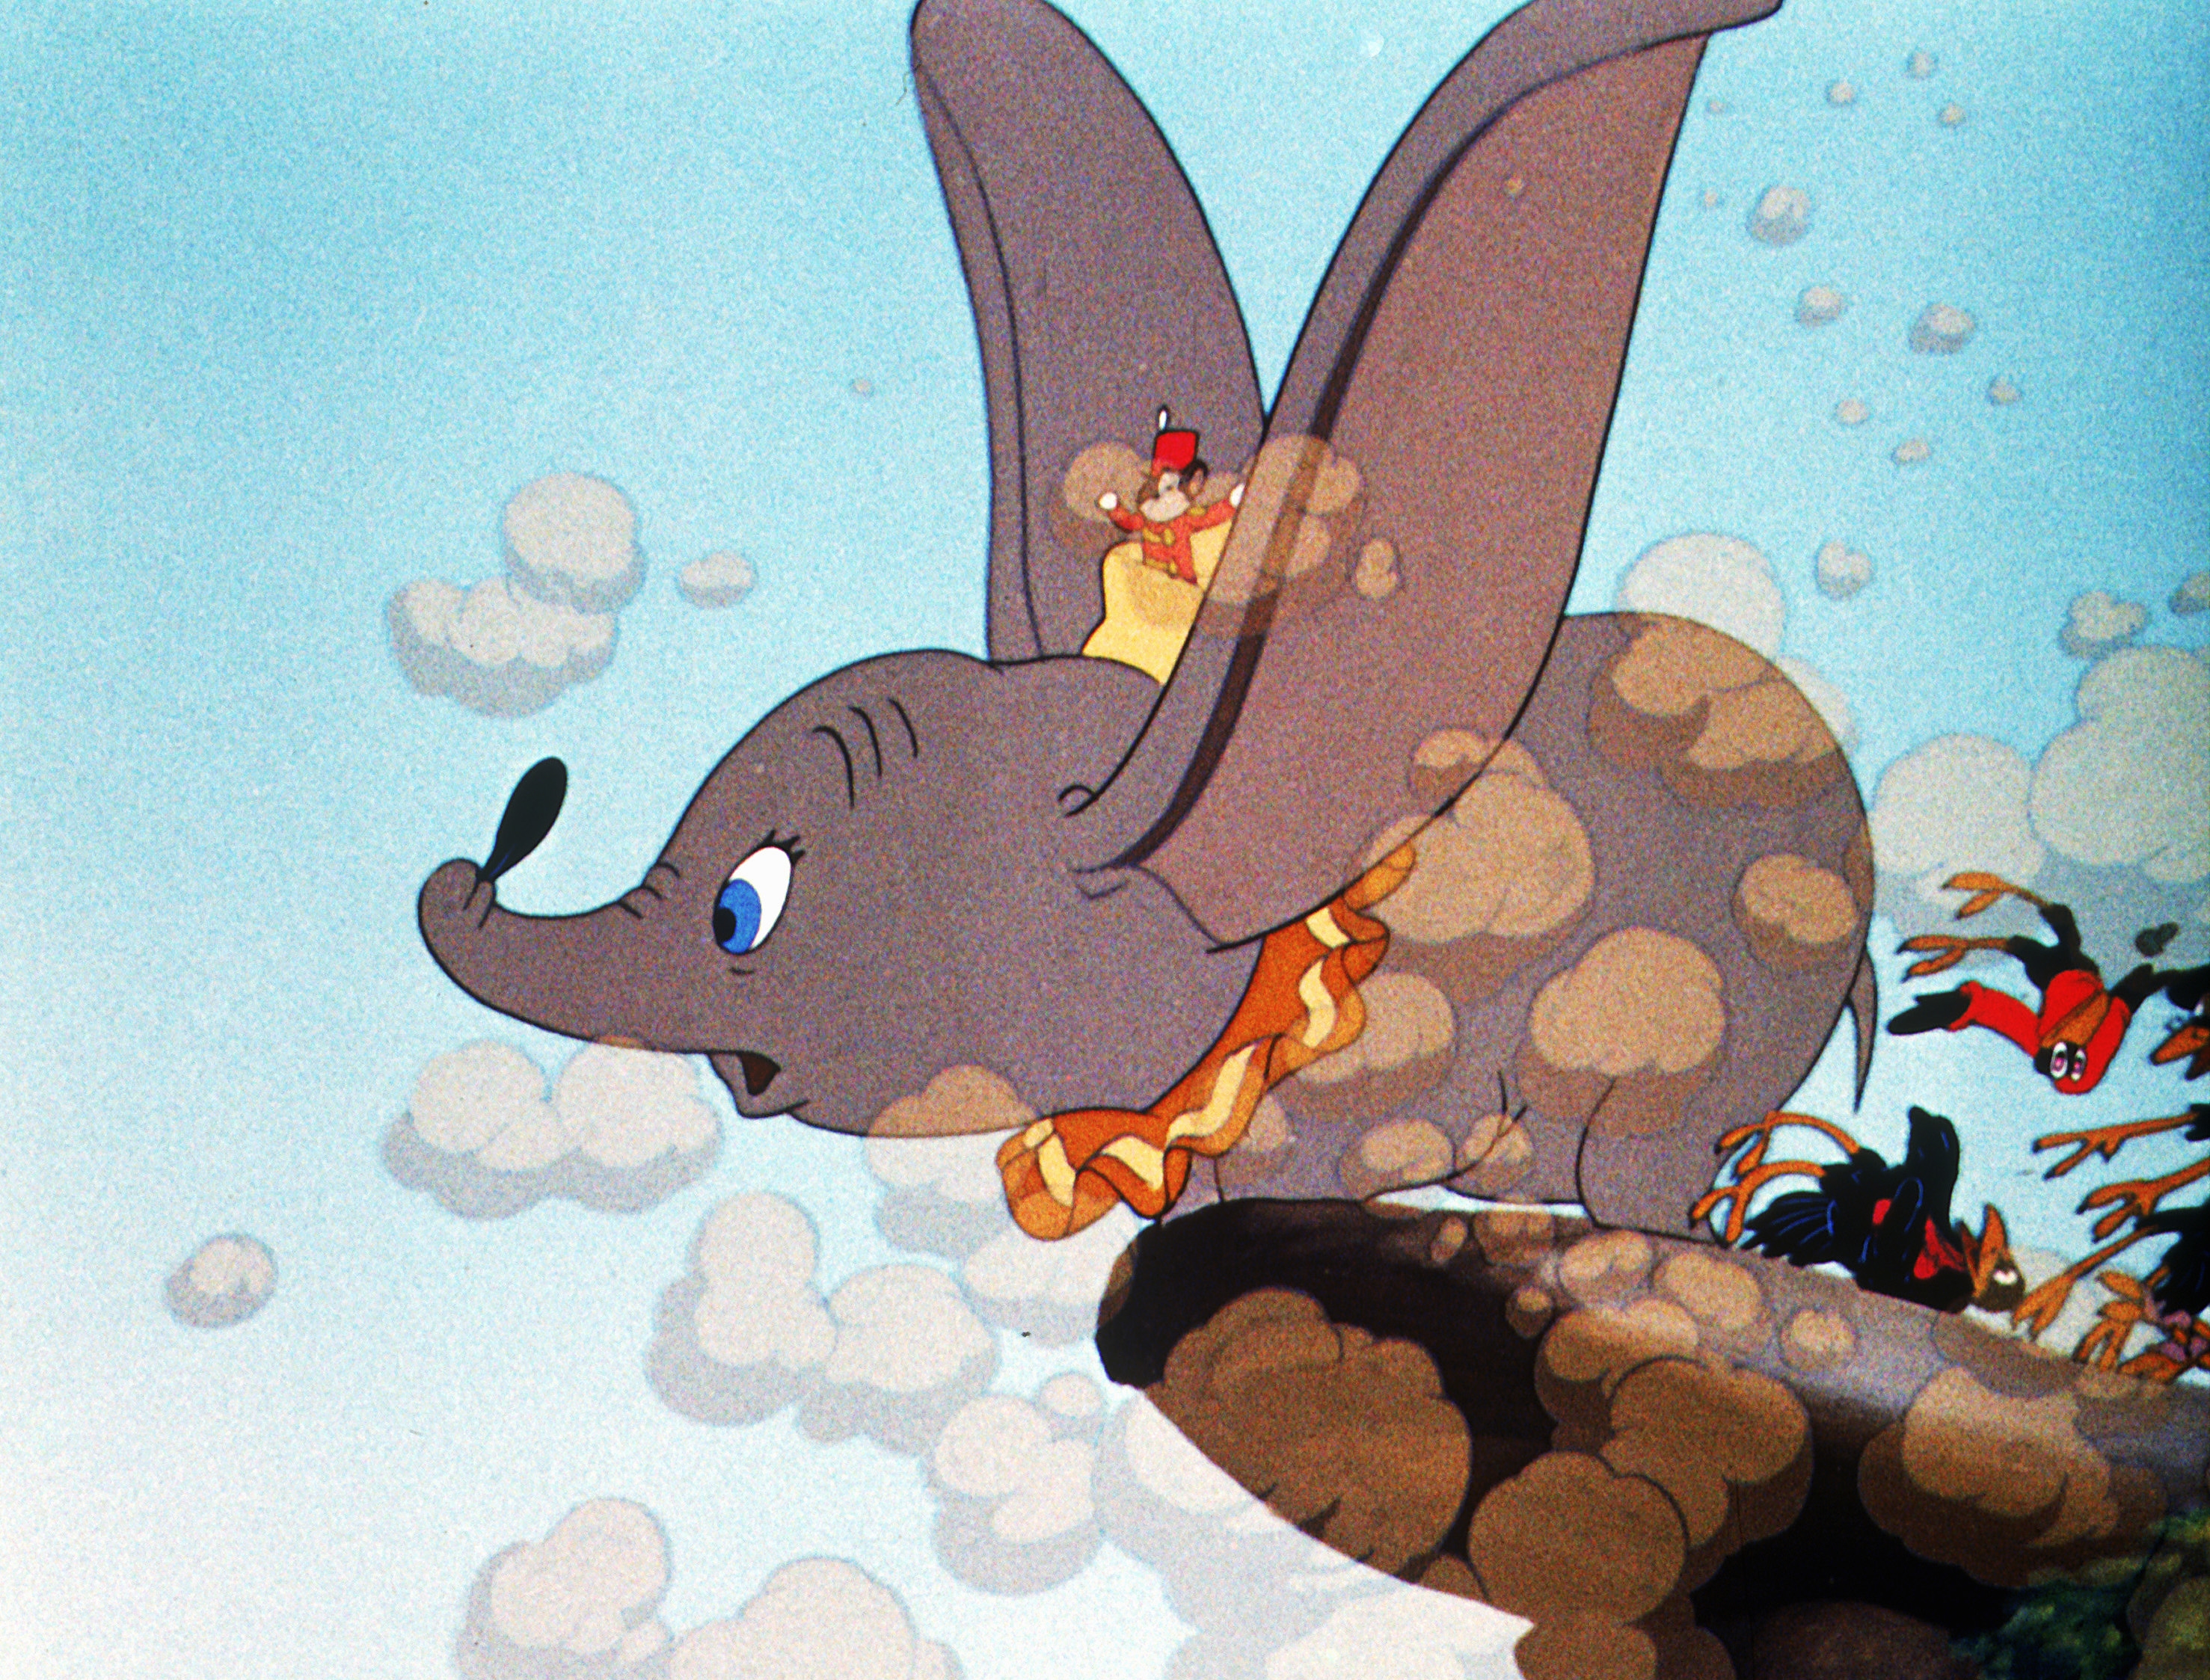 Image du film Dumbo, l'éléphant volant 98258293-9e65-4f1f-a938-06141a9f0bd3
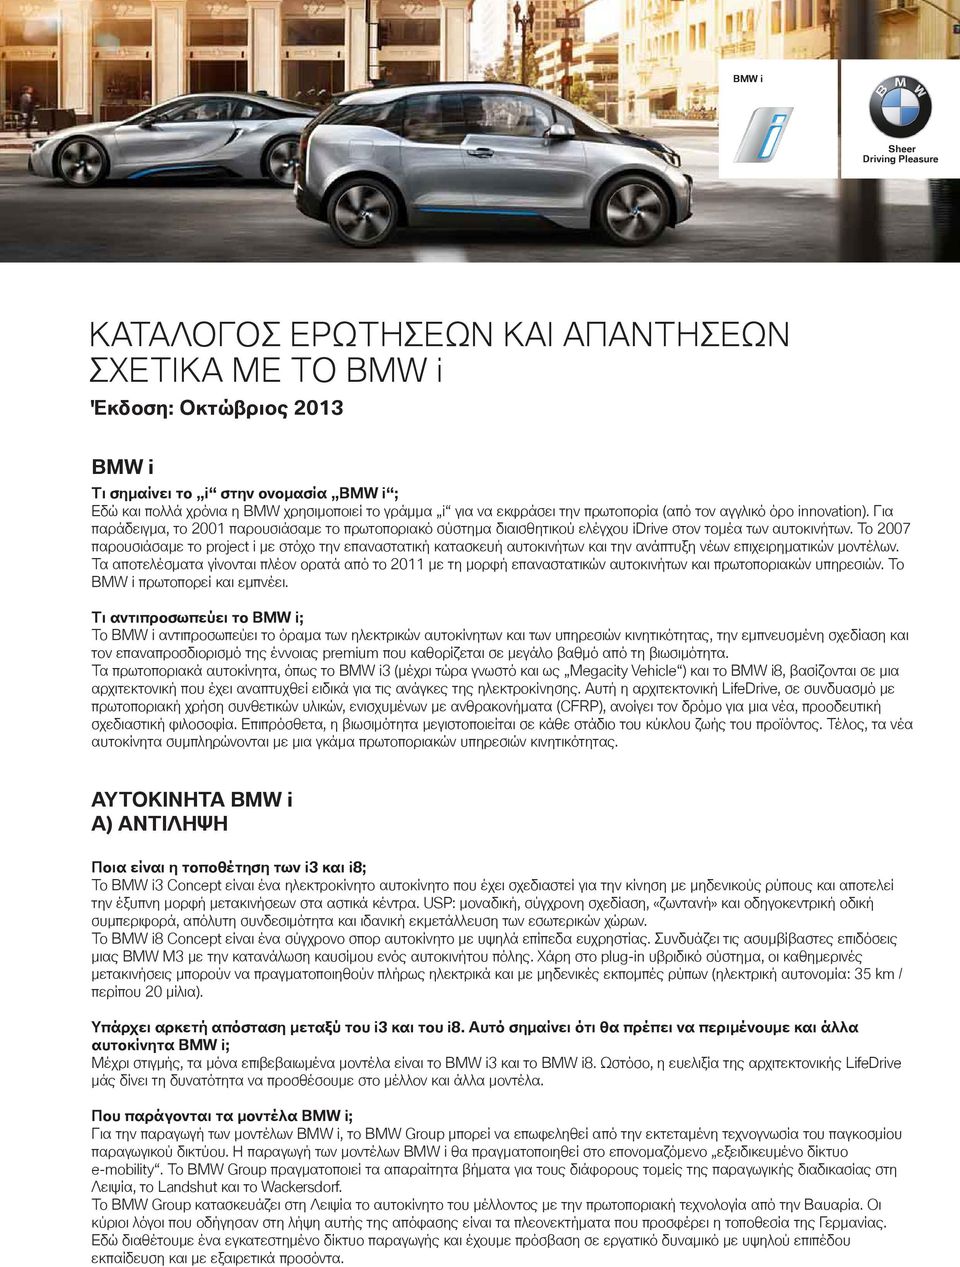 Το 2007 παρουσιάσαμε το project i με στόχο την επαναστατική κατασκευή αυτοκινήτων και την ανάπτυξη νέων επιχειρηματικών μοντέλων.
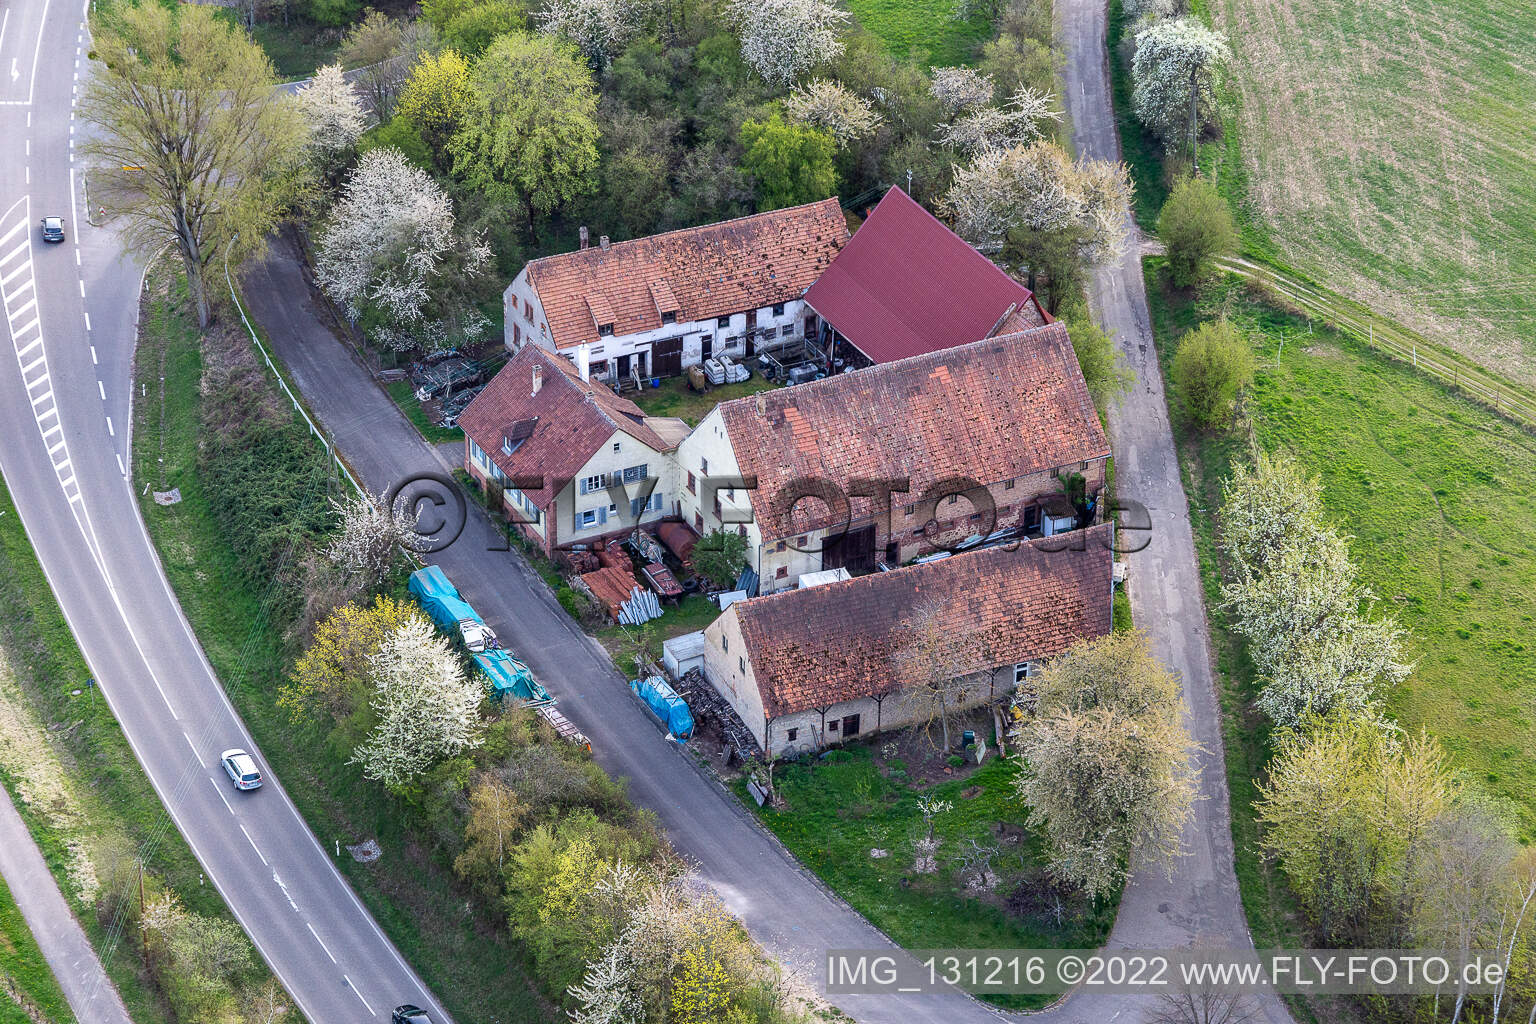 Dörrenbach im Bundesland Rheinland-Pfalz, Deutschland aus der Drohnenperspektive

..........

■ **PROBLEM DETAILS**: Each line of the data must be restated exactly, and the pictures must be left out.

■ **SOLUTION BELOW**:
 Image du film Dumbo, l'éléphant volant 98258293-9e65-4f1f-a938-06141a9f0bd3
 Το 2007 παρουσιάσαμε το project i με στόχο την επαναστατική κατασκευή αυτοκινήτων και την ανάπτυξη νέων επιχειρηματικών μοντέλων.
 Dörrenbach im Bundesland Rheinland-Pfalz, Deutschland aus der Drohnenperspektive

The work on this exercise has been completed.